● TRY IT
All lines from the opening of the entries below through the line containing "Эта летучая мышь" must be output exactly as they appear, with no other lines.

● STUDY MATERIAL
# # # #
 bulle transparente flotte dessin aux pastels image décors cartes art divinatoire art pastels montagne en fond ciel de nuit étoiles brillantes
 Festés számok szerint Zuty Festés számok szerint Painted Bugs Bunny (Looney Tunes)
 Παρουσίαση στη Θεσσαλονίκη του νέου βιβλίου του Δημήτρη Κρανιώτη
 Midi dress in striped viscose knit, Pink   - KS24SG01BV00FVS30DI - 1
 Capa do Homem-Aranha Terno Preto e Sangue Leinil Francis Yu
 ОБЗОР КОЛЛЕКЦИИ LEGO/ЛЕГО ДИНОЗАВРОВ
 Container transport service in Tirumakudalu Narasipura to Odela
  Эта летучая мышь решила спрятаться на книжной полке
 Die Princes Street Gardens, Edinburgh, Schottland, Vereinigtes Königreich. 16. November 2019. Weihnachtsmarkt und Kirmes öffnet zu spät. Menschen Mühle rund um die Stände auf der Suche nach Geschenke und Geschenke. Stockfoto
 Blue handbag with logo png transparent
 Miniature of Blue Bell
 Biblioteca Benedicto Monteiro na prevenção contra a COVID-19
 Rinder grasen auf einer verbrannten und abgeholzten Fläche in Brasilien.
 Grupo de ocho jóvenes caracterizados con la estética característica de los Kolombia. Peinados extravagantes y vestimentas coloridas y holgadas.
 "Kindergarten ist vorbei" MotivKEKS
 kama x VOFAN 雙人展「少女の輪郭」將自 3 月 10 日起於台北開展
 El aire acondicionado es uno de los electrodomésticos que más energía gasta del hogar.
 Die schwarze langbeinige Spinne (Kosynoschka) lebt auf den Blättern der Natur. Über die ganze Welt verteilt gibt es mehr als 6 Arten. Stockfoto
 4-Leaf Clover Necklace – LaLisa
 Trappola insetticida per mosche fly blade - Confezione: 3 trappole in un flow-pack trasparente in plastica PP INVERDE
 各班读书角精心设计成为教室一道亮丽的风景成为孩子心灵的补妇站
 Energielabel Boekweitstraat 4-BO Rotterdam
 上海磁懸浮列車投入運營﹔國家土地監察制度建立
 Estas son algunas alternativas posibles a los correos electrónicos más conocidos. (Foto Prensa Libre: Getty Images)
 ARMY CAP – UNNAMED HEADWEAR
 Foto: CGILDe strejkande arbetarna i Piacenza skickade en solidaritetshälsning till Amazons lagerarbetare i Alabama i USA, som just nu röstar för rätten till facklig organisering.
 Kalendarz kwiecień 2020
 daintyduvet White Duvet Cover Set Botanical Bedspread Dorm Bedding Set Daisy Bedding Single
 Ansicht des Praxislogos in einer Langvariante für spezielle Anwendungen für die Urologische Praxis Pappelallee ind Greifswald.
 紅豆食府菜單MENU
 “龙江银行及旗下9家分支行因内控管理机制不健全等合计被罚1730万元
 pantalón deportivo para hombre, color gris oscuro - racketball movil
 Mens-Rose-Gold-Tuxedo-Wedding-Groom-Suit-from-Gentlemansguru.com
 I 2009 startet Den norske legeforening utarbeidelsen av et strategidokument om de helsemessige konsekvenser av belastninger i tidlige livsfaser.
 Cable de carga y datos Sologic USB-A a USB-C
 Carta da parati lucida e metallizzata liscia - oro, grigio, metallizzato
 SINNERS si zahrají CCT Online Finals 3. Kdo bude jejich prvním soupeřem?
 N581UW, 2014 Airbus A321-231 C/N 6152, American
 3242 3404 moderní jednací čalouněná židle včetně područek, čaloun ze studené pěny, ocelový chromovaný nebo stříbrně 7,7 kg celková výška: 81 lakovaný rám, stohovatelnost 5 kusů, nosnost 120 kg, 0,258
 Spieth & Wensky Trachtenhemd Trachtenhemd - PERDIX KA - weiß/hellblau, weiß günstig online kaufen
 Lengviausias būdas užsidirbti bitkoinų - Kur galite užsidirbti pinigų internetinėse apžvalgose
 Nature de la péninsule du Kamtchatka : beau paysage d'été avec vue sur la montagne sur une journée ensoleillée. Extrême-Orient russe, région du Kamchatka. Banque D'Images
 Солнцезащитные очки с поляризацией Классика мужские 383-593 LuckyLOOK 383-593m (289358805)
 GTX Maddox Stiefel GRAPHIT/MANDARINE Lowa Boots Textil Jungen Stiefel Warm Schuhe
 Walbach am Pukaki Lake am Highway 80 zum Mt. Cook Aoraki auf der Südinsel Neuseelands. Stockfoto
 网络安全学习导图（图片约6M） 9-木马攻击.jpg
# # # #
● ANSWER AREA
 bulle transparente flotte dessin aux pastels image décors cartes art divinatoire art pastels montagne en fond ciel de nuit étoiles brillantes
 Festés számok szerint Zuty Festés számok szerint Painted Bugs Bunny (Looney Tunes)
 Παρουσίαση στη Θεσσαλονίκη του νέου βιβλίου του Δημήτρη Κρανιώτη
 Midi dress in striped viscose knit, Pink   - KS24SG01BV00FVS30DI - 1
 Capa do Homem-Aranha Terno Preto e Sangue Leinil Francis Yu
 ОБЗОР КОЛЛЕКЦИИ LEGO/ЛЕГО ДИНОЗАВРОВ
 Container transport service in Tirumakudalu Narasipura to Odela
  Эта летучая мышь решила спрятаться на книжной полке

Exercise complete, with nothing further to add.